Cassandra Jackson watched her 10-year-old son Johnny splash around in their South Carolina neighborhood pool, beneath the blistering sun. It seemed like an ordinary summer day. She had no idea it was one that would change her life forever.
After an hour of getting out of the pool and walking home, Johnny told his mother he was sleepy, something Cassandra didn’t find unusual considering he was out playing all afternoon. There was no immediate sign that anything was wrong, let alone, he was slowly drowning. Johnny took a nap and when Cassandra checked on him later, she found his face covered in a foam-like substance. He had no signs of life.

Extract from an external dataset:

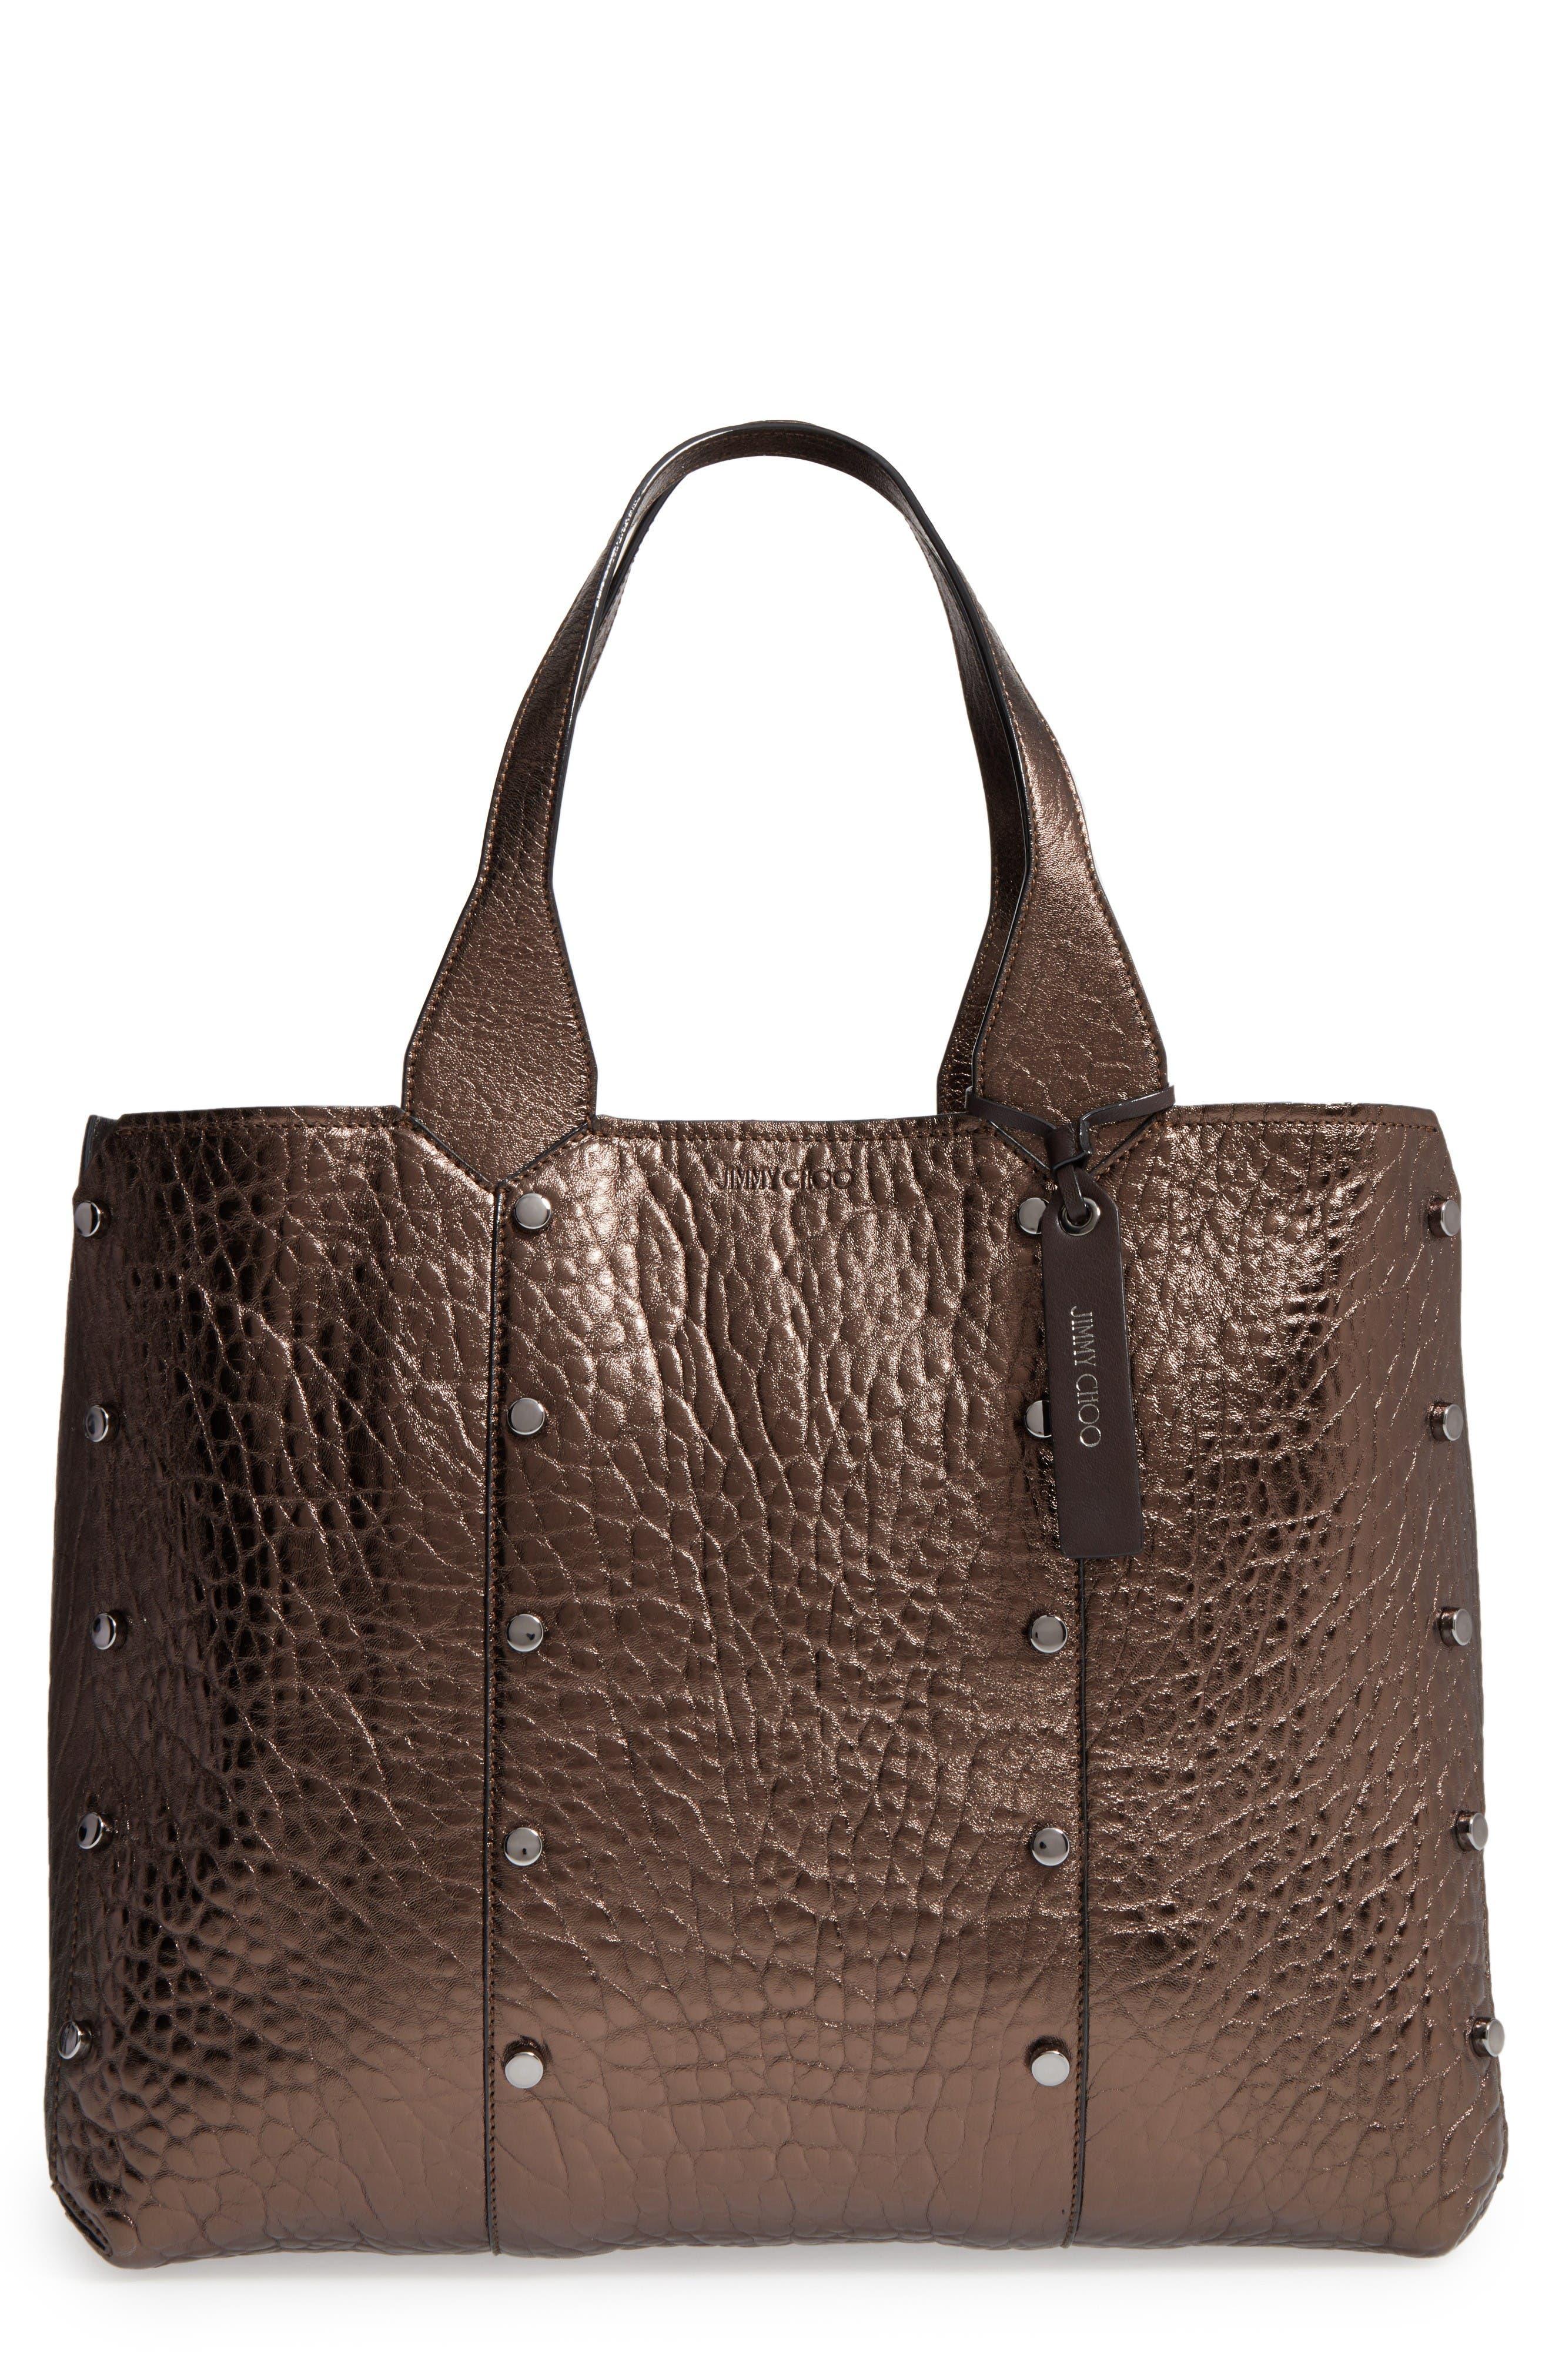 Jimmy Choo Lockett Metallic Leather Shopper

When they rushed his lifeless body to the hospital, coroners declared his cause of death was “Asphyxiation by Drowning.”
4th-grader Johnny Jackson had his first and last swim on June 5th, 2008 and dry-drowned by swallowing too much pool water.
“I’ve never known a child could walk around, talk, speak, and their lungs be filled with water,” Cassandra told NBC in a heartbreaking interview.
A delayed, or dry-drowning is rare but not unheard of. Dry-drowning signs can be anything from sleepiness to a bloated tummy. In an interview on the Today show, pediatrician Dr. Daniel Rauch says that the salt or fresh water damages the lining of the lungs and prevents oxygen from going into the blood and carbon dioxide from going out of the blood. This can also happen to a child in the bathtub.
Cassandra Jackson was unaware of dry-drowning before her “little man” passed away from it, but her tragic story could save your child’s life.